L’Union européenne réaffirme qu’elle reste disposée à travailler en étroite coopération avec le gouvernement d’union nationale pour relever les défis auxquels le pays est confronté. Nous aspirons à la poursuite régulière et en temps opportun de notre dialogue politique global.

L’Union européenne a estimé que les progrès réalisés ne sont pas encore suffisants pour justifier une modification plus substantielle de sa politique à l’égard du Zimbabwe. Nous avons donc décidé de proroger d’un an les mesures suivantes :
i) l’interdiction de visa et le gel des avoirs applicables à une liste de personnes et de sociétés,
ii) l’embargo sur les armes et
iii) d’autres mesures, prises dans le cadre de l’article 96 de l’accord de Cotonou.

A la suite de l’examen des noms figurant sur la liste des personnes et sociétés faisant l’objet de mesures d’interdiction de visa et de gel des avoirs, nous avons conclu que les 35 personnes visées ci-dessus peuvent en être retirées avec effet immédiat.
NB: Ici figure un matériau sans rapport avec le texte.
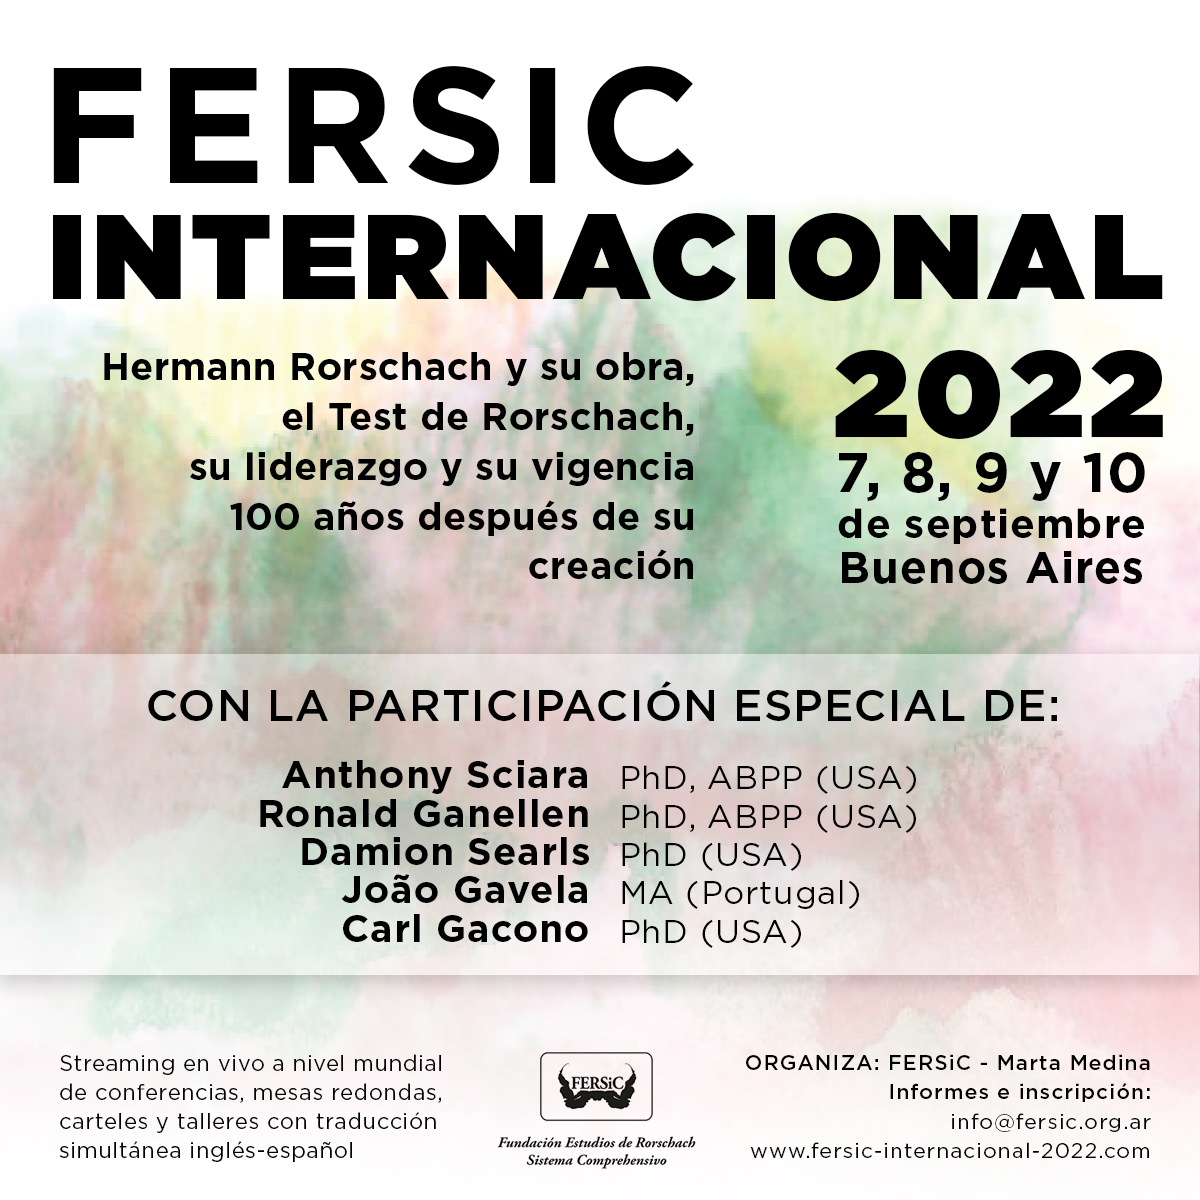 FERSIC INTERNACIONAL 2022

Les 163 autres personnes et les 31 sociétés inscrites sur la liste sont toujours considérées comme liées à des atteintes aux droits de l’Homme, à la démocratie et à l’Etat de droit.

Je tiens à préciser que l’Union européenne reste disposée à modifier sa décision à tout moment au cours des douze prochains mois si de nouveaux progrès concrets sont réalisés. Je considère, en particulier, qu’il est d’une importance cruciale pour le processus démocratique dans le pays que les partis qui participent au gouvernement s’entendent sur les mesures nécessaires à prendre dans la perspective d’élections.

Je me félicite de l’intensification des efforts diplomatiques régionaux et soutiens l’action menée par la Communauté de développement de l’Afrique australe et ses Etats membres en vue de faciliter un accord sur une feuille de route pour la tenue d’élections démocratiques et pacifiques.